Firpo scrive inoltre che i “2 euro di costo per notifica remunerano il servizio e l’ente notificatore, cosa che per moltissimi cittadini rappresenta un significativo risparmio rispetto ai costi attuali di notificazione cartacea via raccomandata (che possono variare dai 7 fino a 15 euro). “Ovviamente la piattaforma va a competere con la  Pec, non con la  raccomandata cartacea. E due euro per una Pec alternativa sono tanti: come scriviamo nel libro, due euro per notifica “sono una cifra molto alta dati i costi per singolo invio, vicini allo zero”.

Se qualcuno ha dubbi che la Pec non sia utilizzata, ricordiamo che secondo l’agenzia per l’Italia Digitale nel 2022 sono stati inviati 3 miliardi di messaggi Pec, con 14,5 milioni di caselle Pec attive. E ricordiamo che la Pec non potrà sparire, perché per regolamento Ue  dovrà diventare europea. Quindi la Piattaforma notifiche digitali non sostituirà la Pec, ma aggiungerà un servizio costoso a un servizio che esiste già ed è molto utilizzato.

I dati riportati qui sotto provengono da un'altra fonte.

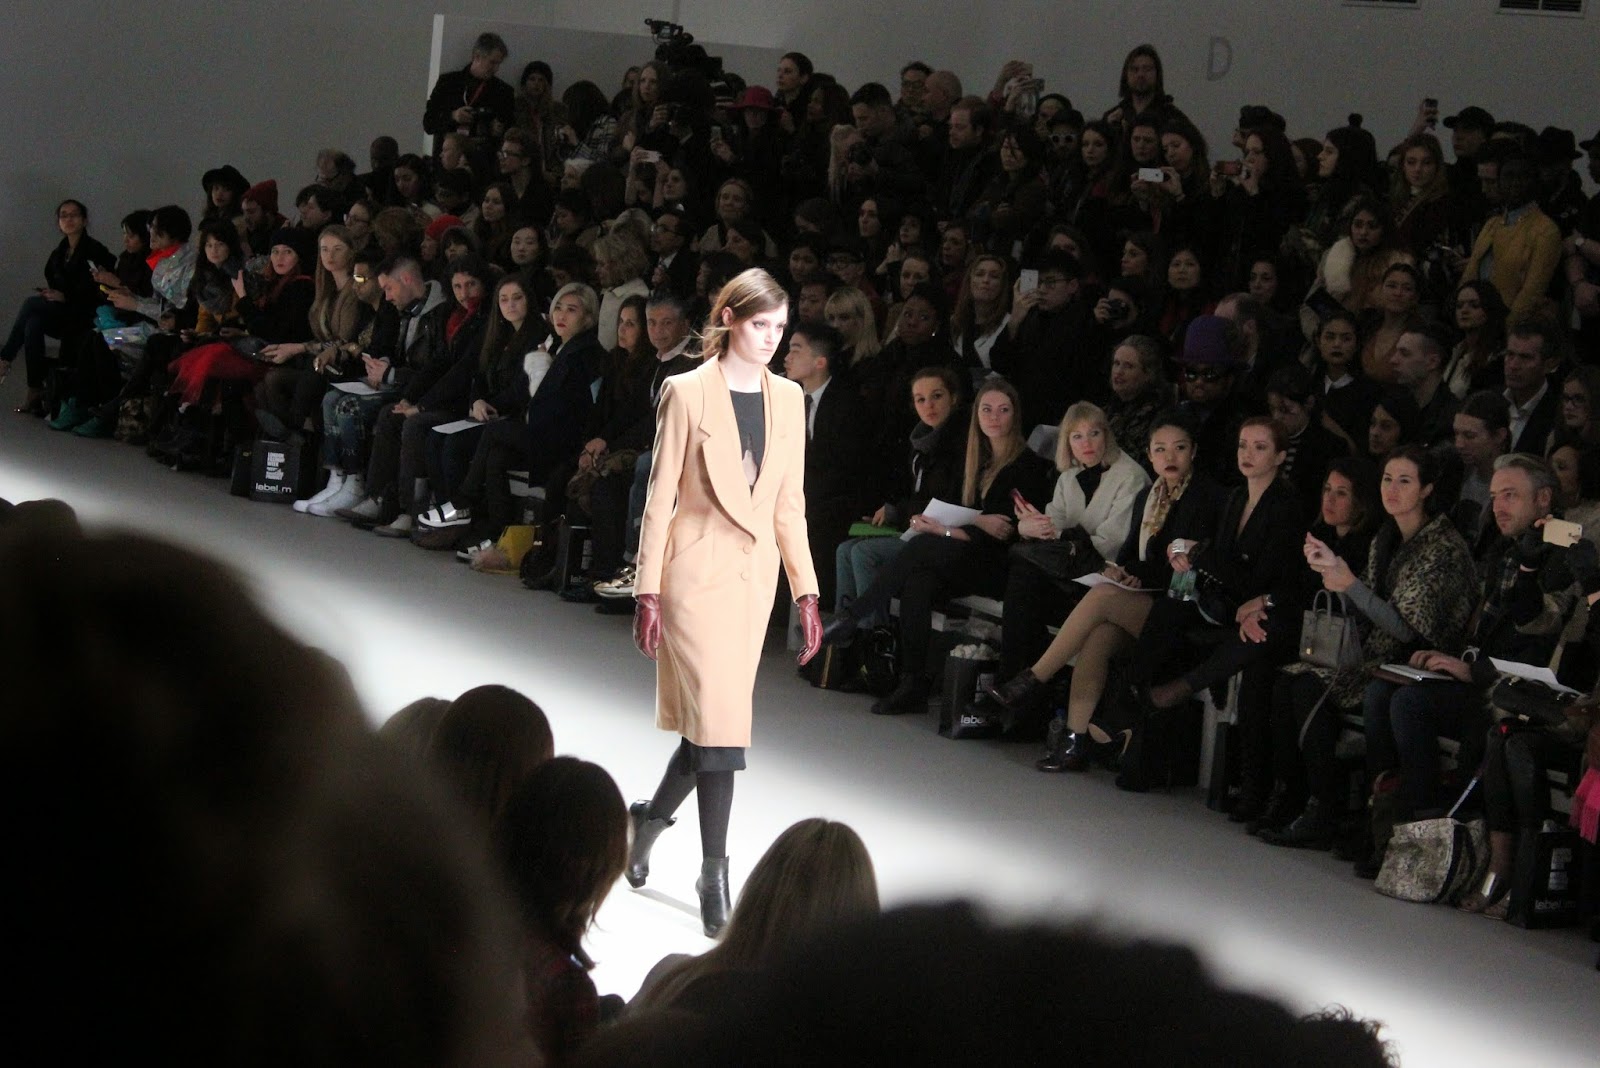 london-fashion-week-lfw-jean-pierre-braganza-catwalk-models-somerset-house
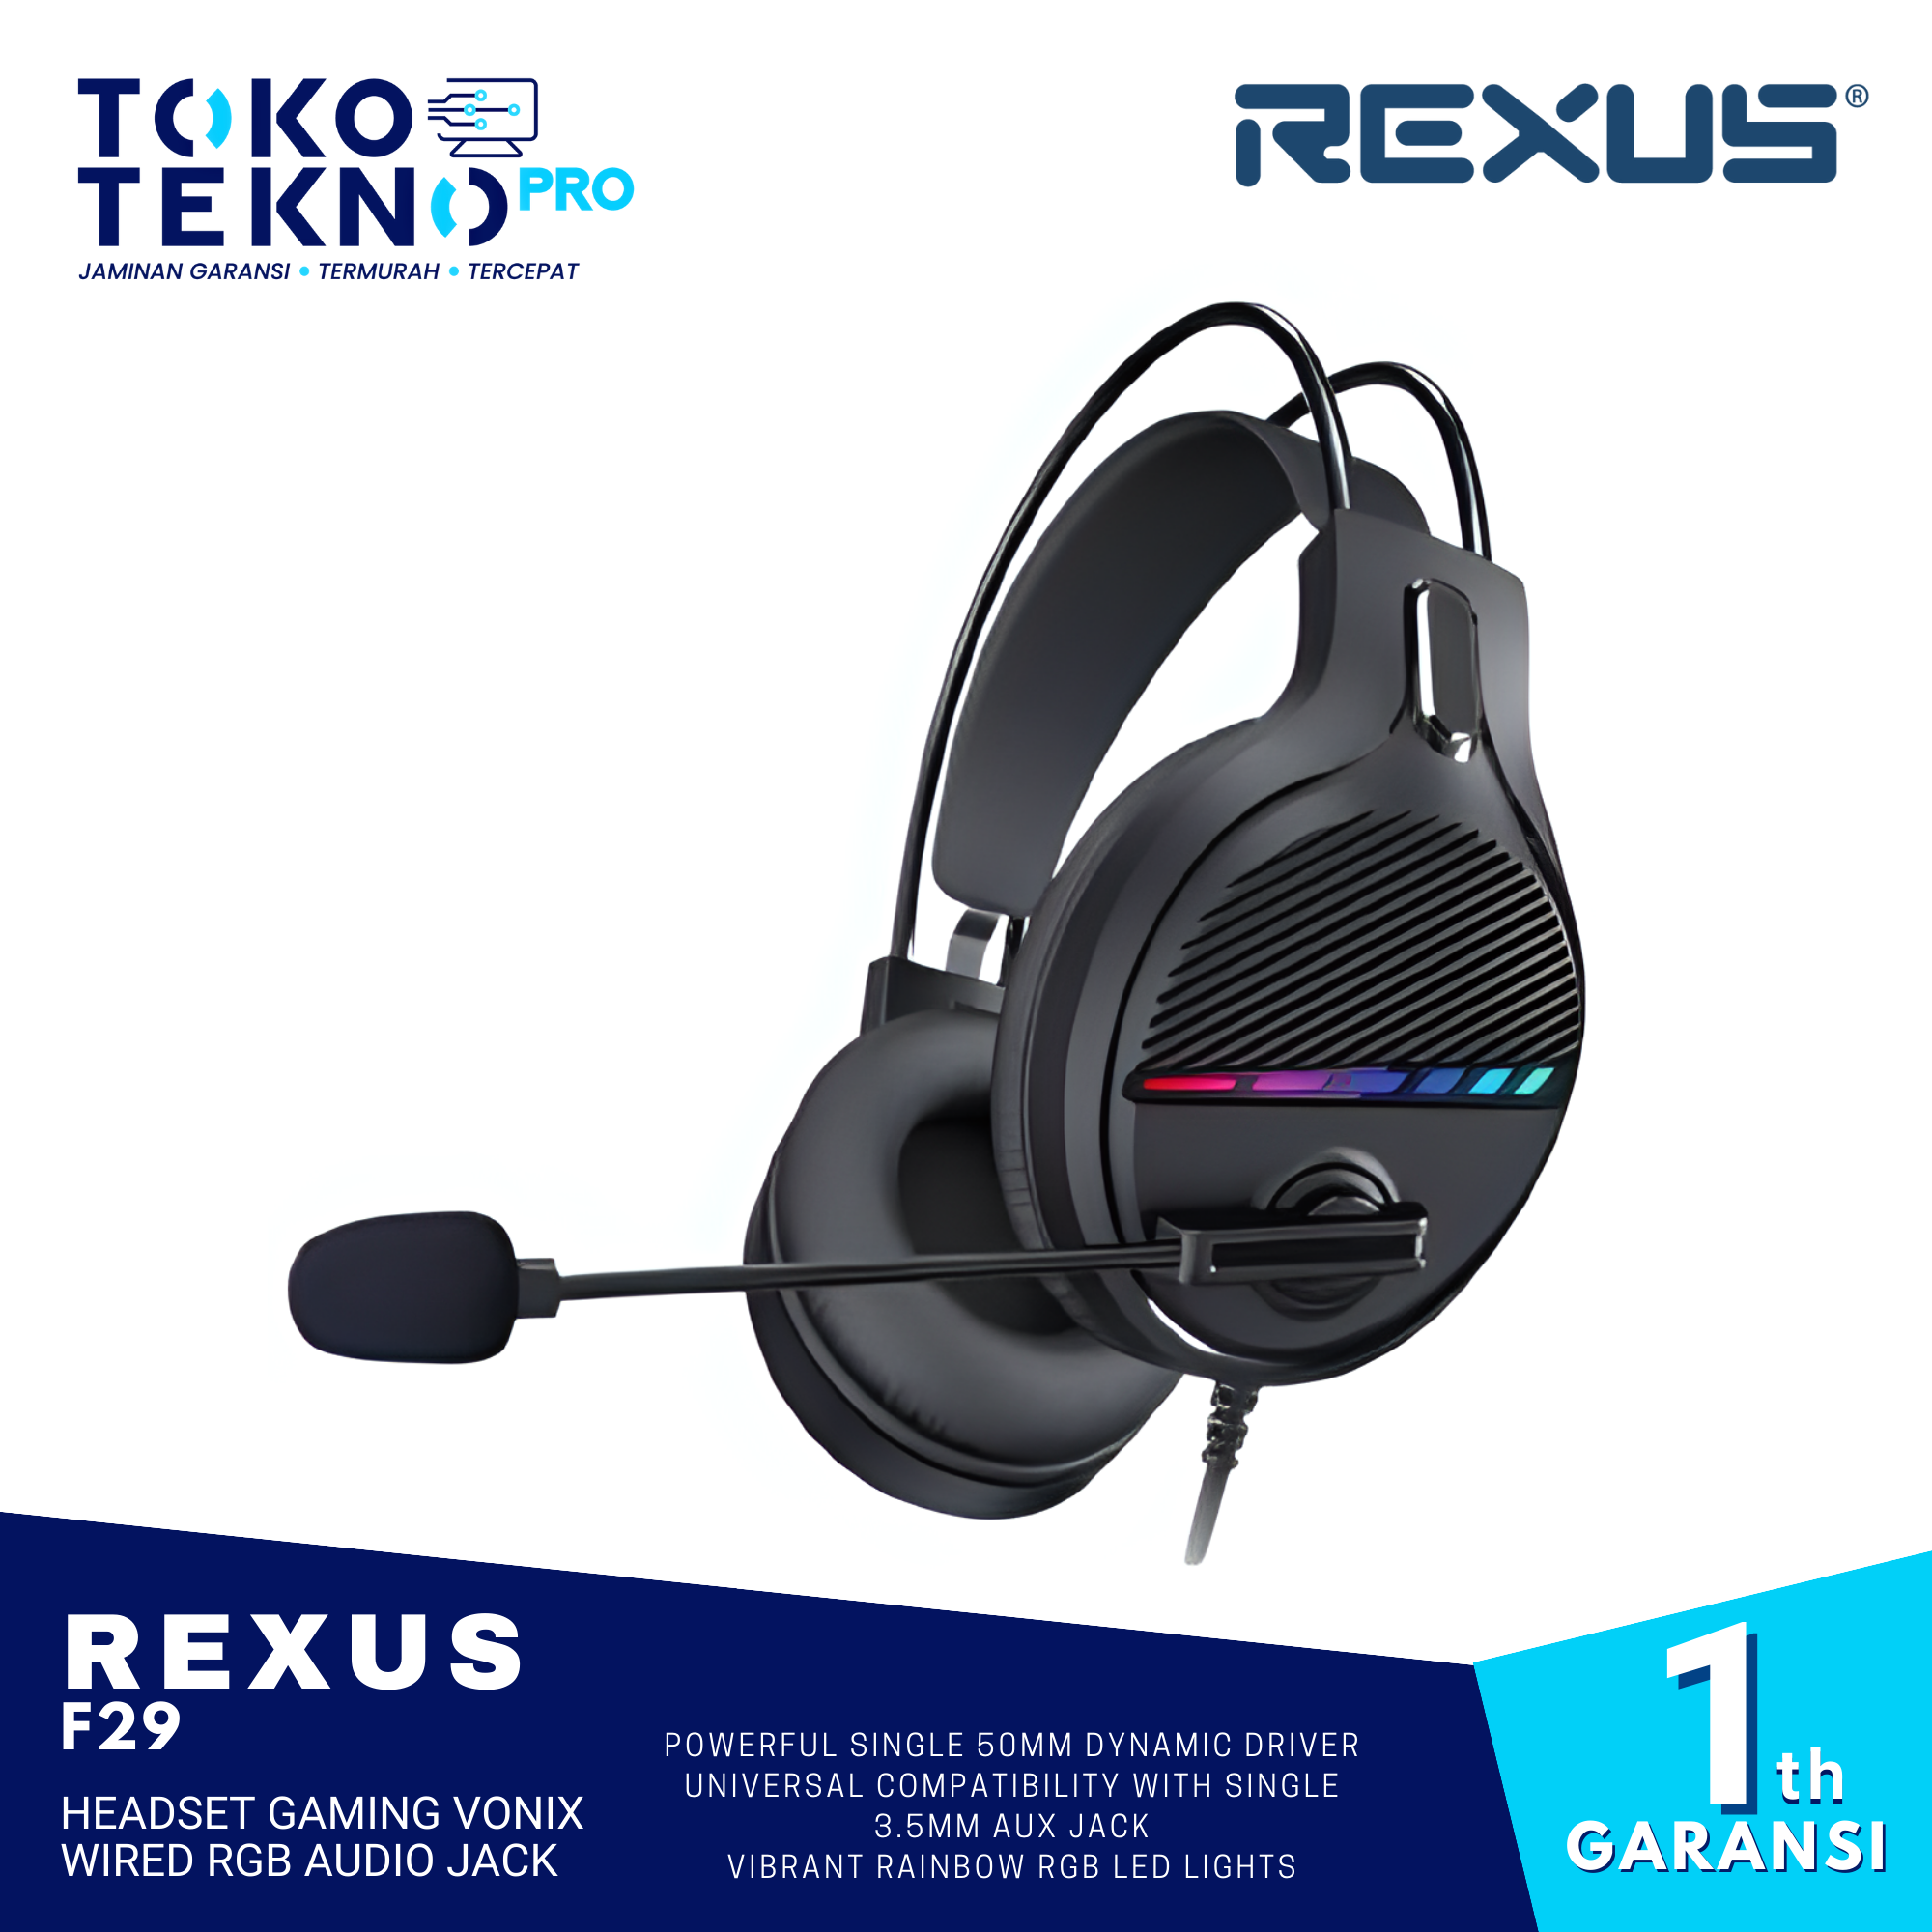 Rexus F29 Headset Gaming Vonix Wired RGB Audio Jack

Inoltre nel libro solleviamo un problema che Firpo non menziona: la Piattaforma delle notifiche digitali  “crea inoltre un disallineamento fra i tempi di certificazione della notifica delle amministrazioni pubbliche e quelli dei cittadini. Per le amministrazioni pubbliche i termini della notifica, tipicamente 5 giorni, scattano dal momento della presa in carico di Poste Italiane. Per i cittadini, invece, dal momento dell’avvenuta ricezione del destinatario. Si apre lo spazio al contenzioso”.  

Terminiamo come abbiamo iniziato. Oggi si parla molto dei ritardi e dei problemi di attuazione del Pnrr. E’ facile parlarne perché sono sotto gli occhi di tutti. Ma al di là dei ritardi e dei problemi di attuazione, veramente tutti coloro che hanno esibito una reazione pavloviana al nostro libro, difendendo il Pnrr a spada tratta e a prescindere, non hanno alcun dubbio sulle priorità di spesa incorporate nel Pnrr? Veramente pensano che tutti i 240 miliardi del Pnrr siano stati programmati nel modo migliore possibile? Noi lo troviamo implausibile, e sappiamo di non essere i soli, a giudicare da quanti difensori a oltranza del Pnrr ci hanno confessato, in privato, di non essere d’accordo con tante sue parti.